Wishing upon a fallen star.
I was up late last night, thinking and analyzing... and no people, not about my failed relationship and the person i was in it with, suprinsingly? In deed but yet true. I was thinking about friends and and how your relationship with your boyfriend/girlfriend and your friends is a life line or...a death line? What i'm saying is that these days when there is ALWAYS something to do, someone to do, places to be, places to see and so forth if your lover and your friends dont get along, how do we really make it work, then how do we get things together? Either you put on a act, make it work, get along for your own sake and for the people that matters to you, friends and lovers, or you are upstraight honest that you are not very fond of him/her and hope that the person can deal with it, or if you hear it you can deal with it. But would you, could you, see a future with a person that your friends don't approve of, dont we all want the great plus sides to a relationship as to being able to share everything with the person you love, and the friends that you love? Or is that the thing that it makes it all so great that it is forbidden, secret and...amusing if things are not great, if your friends dont like your somebody, or if your family dont like your somebody, is that hald the charm?
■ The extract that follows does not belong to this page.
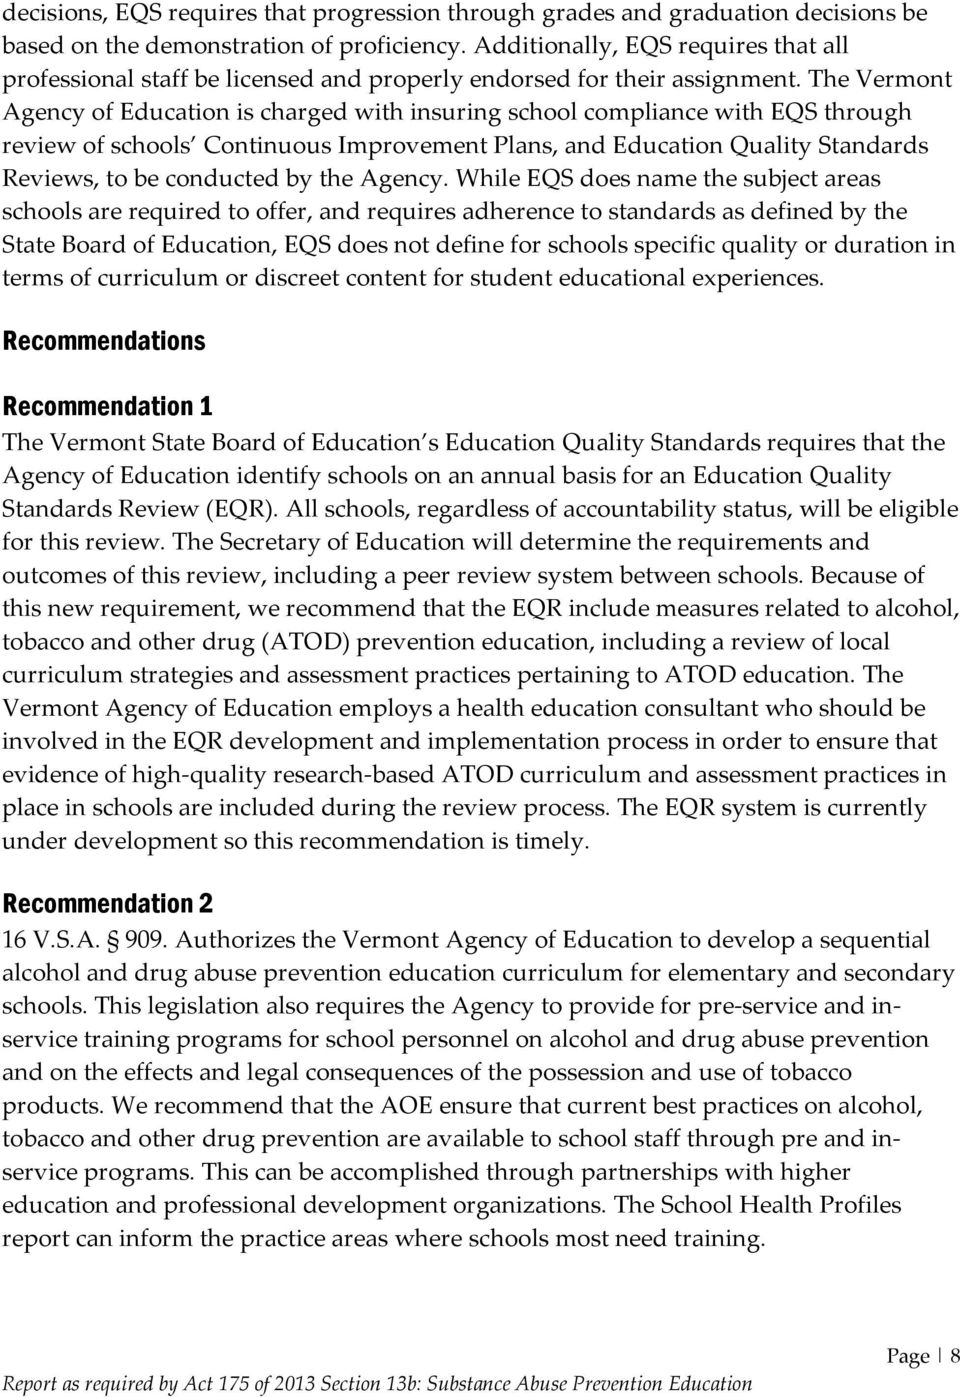 The Vermont Agency of Education is charged with insuring school compliance with EQS through review of schools Continuous Improvement Plans, and Education Quality Standards Reviews, to be conducted by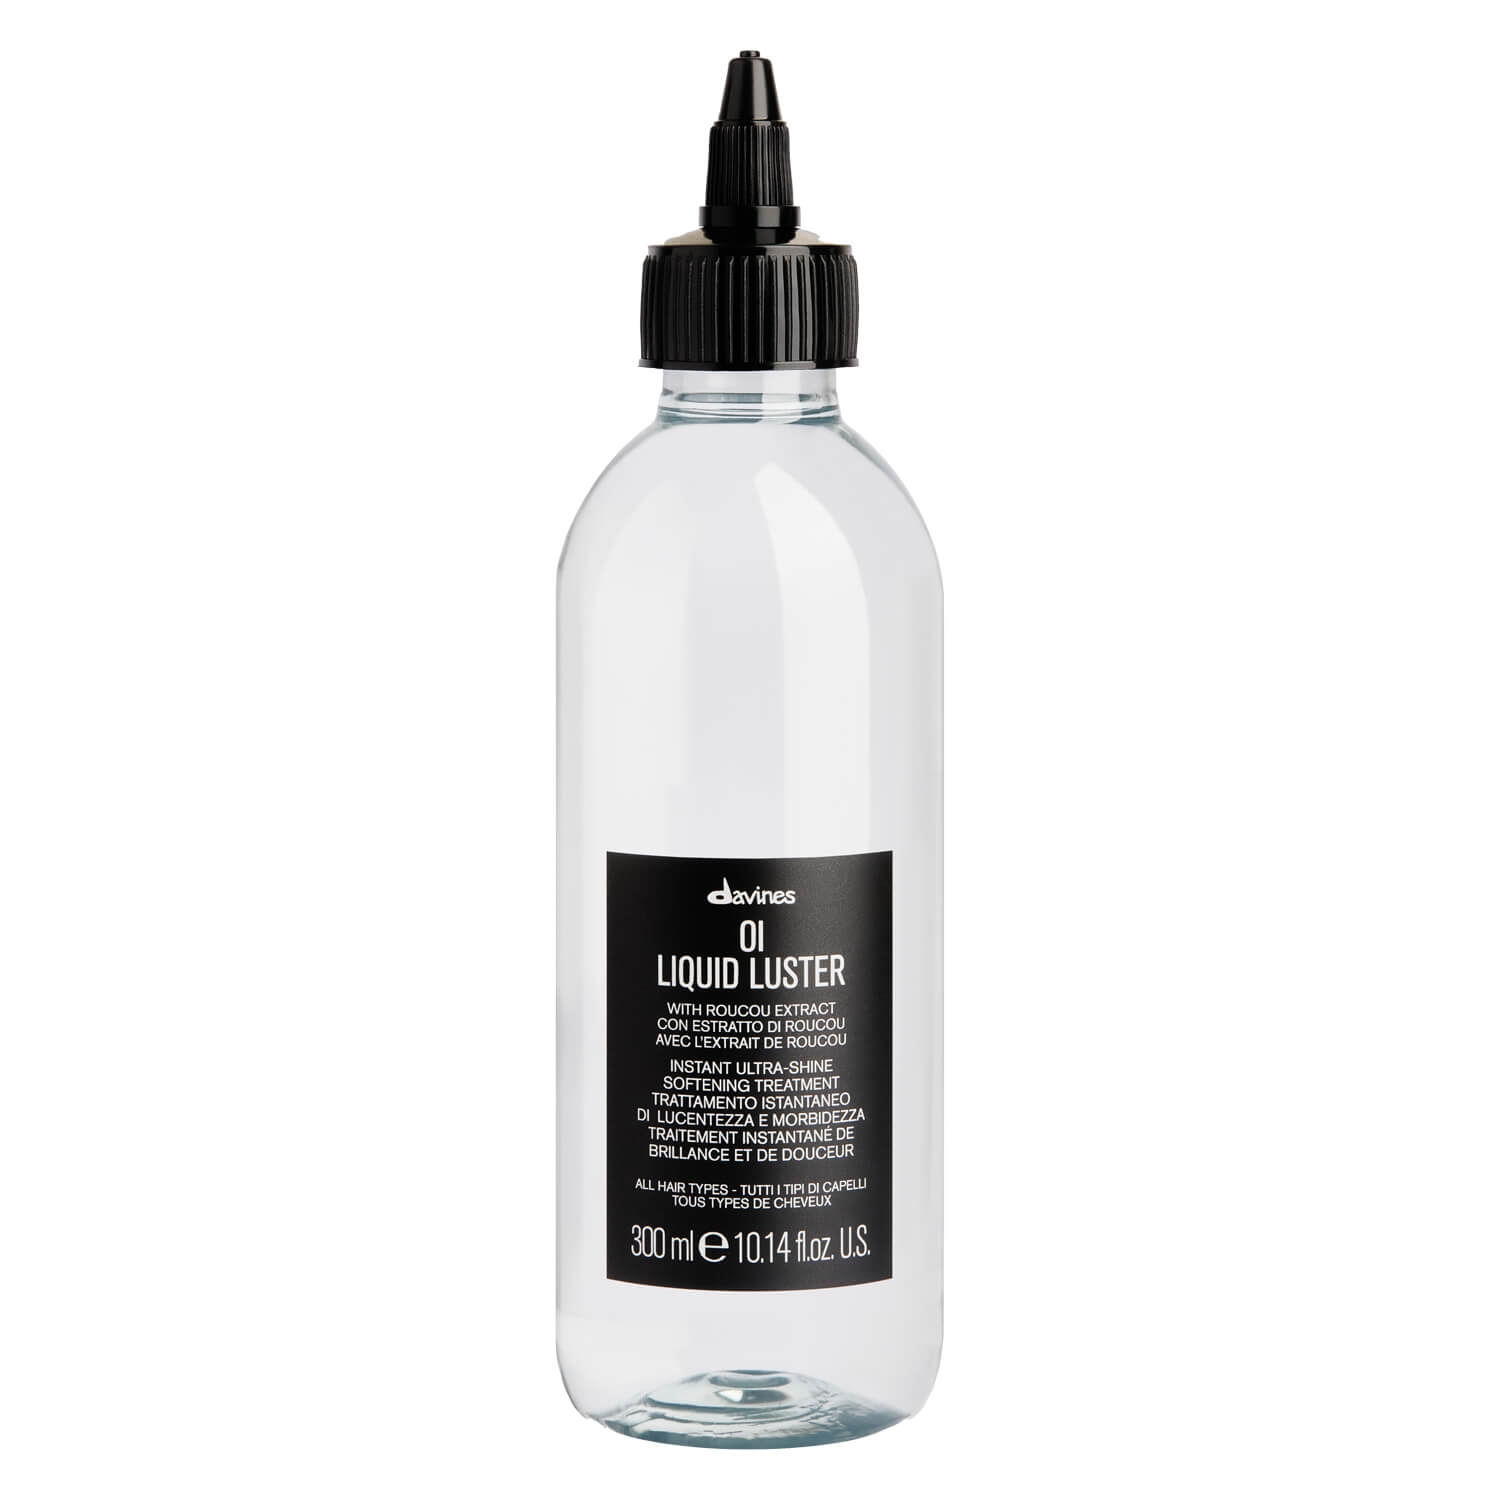 Product image from Oi - Liquid Luster

I don't know, but i do know that it is something defenatly worth thinking about. And at times, figuring out.
Baby girl.
Adorable, and from what i can see now, i think this baby will be one beutiful young woman one day. WOW! Perfect genes? Well, obviously.
Good or bad?
So we say that there are good break ups and bad break ups, but what is really a good break up? How do you end something with someone, a someone who has meant the world to you, a someone that has been a part of your life for so long, someone that knows your deepest darkest secrets, who knows where everything is on your body, knows your weakspots, what turns you on, what makes you laugh, what your favourite ice cream and so forth, how do you end it on a good notice with that someone? I just don't know. But then, is every break up a bad break up? I wouldent think so. But then, what is the best, a break up where you totally let go of the person you have shared a life with or is it a better break up if you give one another time and eventually find your way back...as friends?
I guess i have really just had break ups where i in the end talk to the guys i have dated, in a weird and in some cases very complicated way we have found our way back, back to bering a part of eachothers life. Is that considerd a good break up then? Or is it bad because you want, and have,a person in your life who you either hurt or got hurt by?
Maybe there is no such thing as a good or a bad break up?
All the crazy things.
At times, Grey's Anatomy is just what you need... just what you can deal with, just what be just that, THE deal breaker. Famous qoutes from Grey's, it's time to learn about life.
" Don't look at me like that, like you have seen me naked"
" At some point, you have to make a decisionBoundries don't keep other people out. They fence you in. Life is messy. That's how we are made. So, you can waste your lives drawing lines. Or you can live your life crossing them. But there are some lines... that are way to dangerous to cross"
" We're adults. When did that happen? And how do we make it stop?"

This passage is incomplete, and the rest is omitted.